In the official documentation for the loc function in pandas, it is written that using double brackets, loc[[]], returns a dataframe.

Single tuple. Note using [[]] returns a DataFrame. enter image description here

In the last case, it seems that using double brackets on a single column gives a syntax error. I do not understand this as using a single bracked worked for a single column, and using double brackets worked for a single row. Can someone explain to me why this happens?

Thanks in advance

CodePudding user response:

Use : for selecting all rows and [] for get one column to one column DataFrame:

print (df.loc[:, ['max_speed']])
            max_speed
cobra               1
viper               4
sidewinder          7

what is alternative:

print (df[['max_speed']])
            max_speed
cobra               1
viper               4
sidewinder          7

CodePudding user response:

In Pandas, the .loc[] accessor is used to select rows and columns from a DataFrame based on label(s) rather than index position(s). When you use .loc[] with a single column, it expects the input to be a DataFrame with a single column. When you pass in [[]] as the argument, it is interpreted as an empty DataFrame rather than a single column.

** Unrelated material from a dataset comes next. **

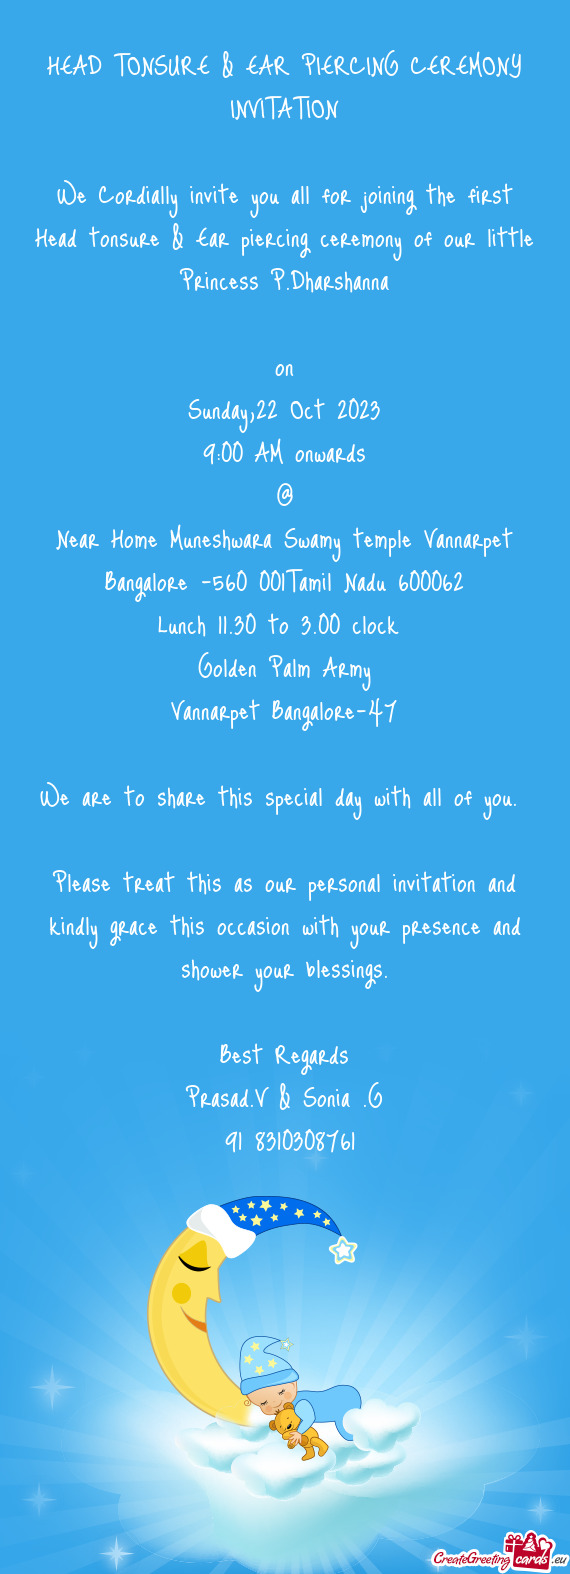 Near Home Muneshwara Swamy temple Vannarpet Bangalore -560 001Tamil Nadu 600062
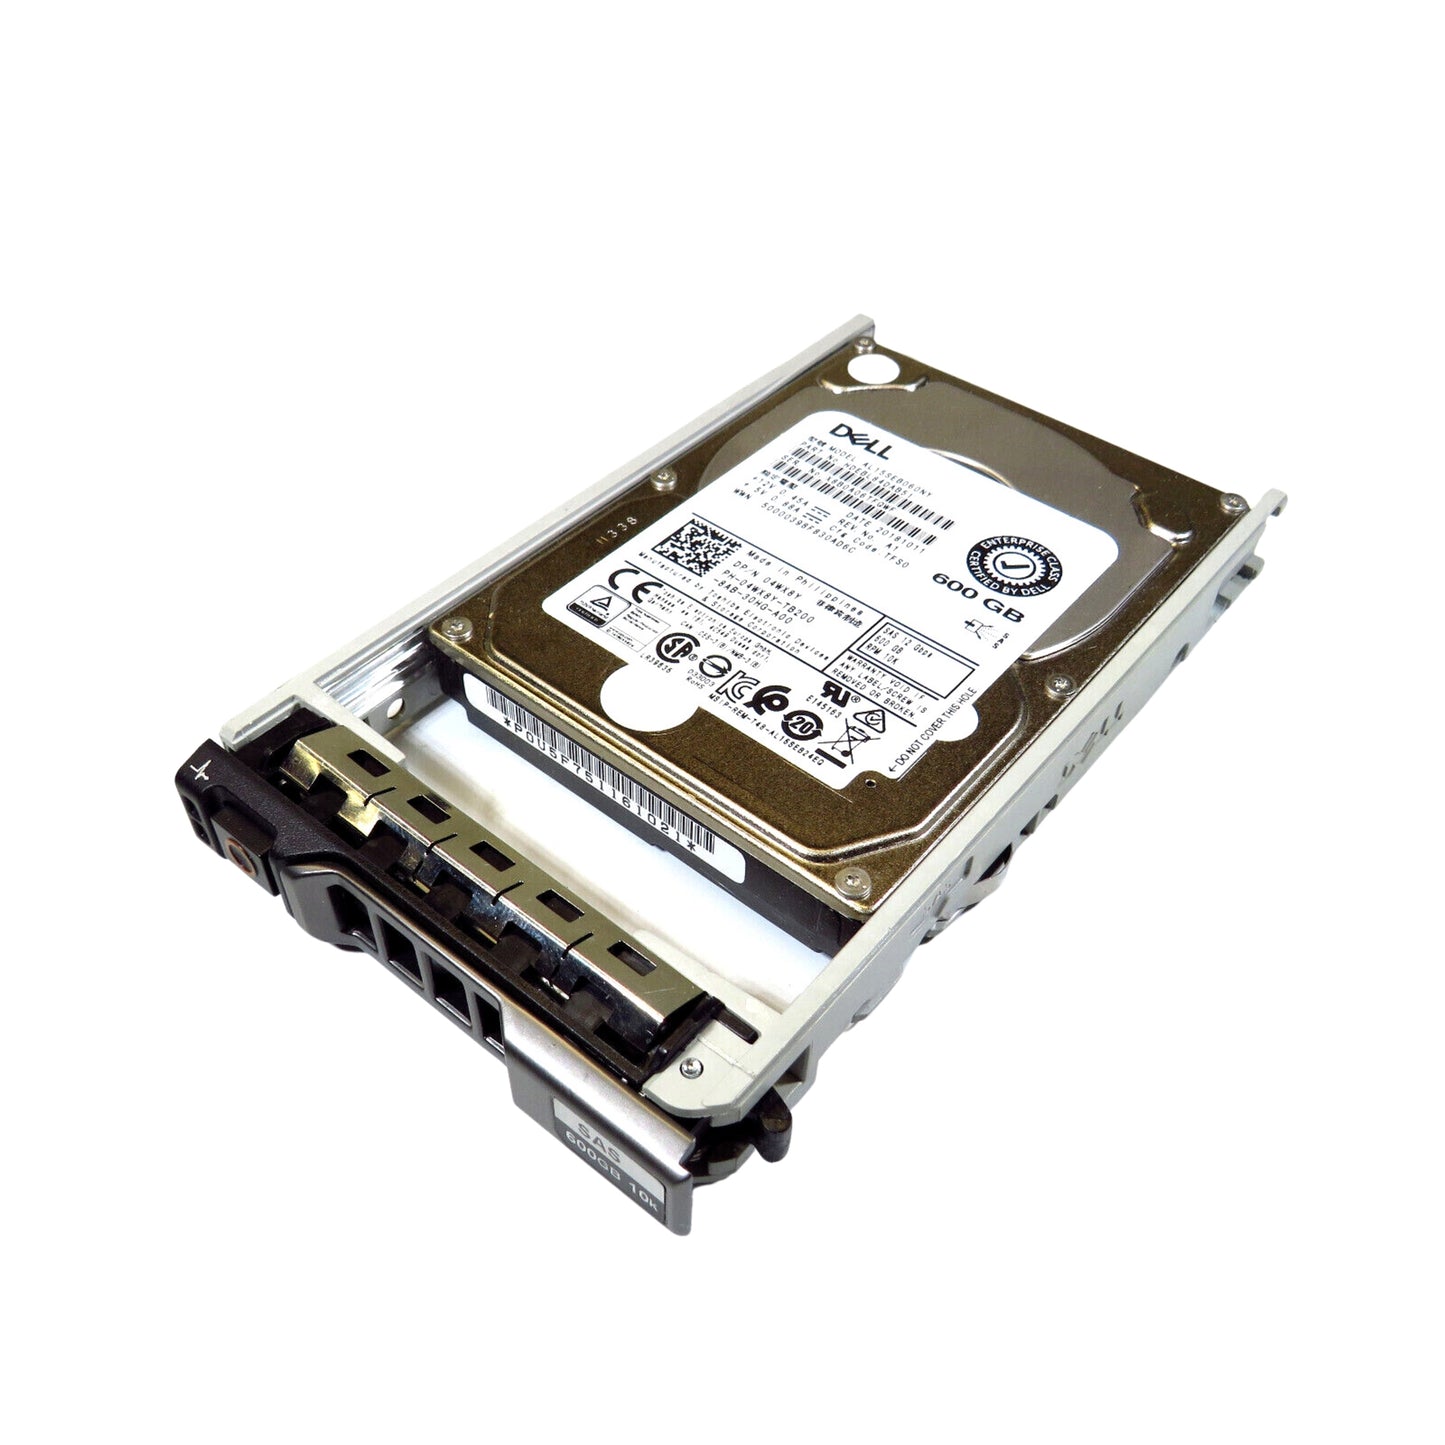 Dell 4WX8Y 2.5" 600GB 10000RPM SAS 12Gb/s Hard Disk Drive (HDD), Silver (Refurbished)

For example, the following will select a single column 'A' from a DataFrame df:

df = pd.DataFrame({'A': [1, 2, 3], 'B': [4, 5, 6]})
print(df.loc[:, 'A'])

This will return:

0    1
1    2
2    3
Name: A, dtype: int64

To select a single column, you can simply use the column name without [[]] brackets:

df = pd.DataFrame({'A': [1, 2, 3], 'B': [4, 5, 6]})
print(df.A)

If you want to select a single column but return it as a DataFrame, you can use the [] operator and pass in the column name as a string:

df = pd.DataFrame({'A': [1, 2, 3], 'B': [4, 5, 6]})
print(df[['A']])

The .loc[] method expects a single column to be passed in without [[]] brackets, and if you want to return the selected column as a DataFrame you can use the [] operator with the column name as a string.

CodePudding user response:

It appears that you wrongly parsed what .loc[['x']] means. The double brackets are no special "dataframe operator" ([[ 'x' ]]). Rather, you are passing a list of one or more row names into single brackets ([ ['x'] ]). If you pass only one argument, it will be interpreted as row labels and the column labels are implicitly set to : (= all of them). If you wanna set column labels to something else, you need to add another parameter to .loc[], not to .loc[[]], i.e., .loc[<row_labels>, <col_labels>], where the parameters can be either lists or strings.

As a rule of thumb, the number of lists (including the shortcut :) you pass to loc gives you the number of dimensions of the output: Pass two lists, you get a dataframe (2D). (Note that if you only pass a single list and nothing else, it is implicitly [your_list, :] == two lists). Pass one list, one string, you get a a series (1D). Pass two strings, you get a 0D object, or a scalar, i.e., the value in the cell.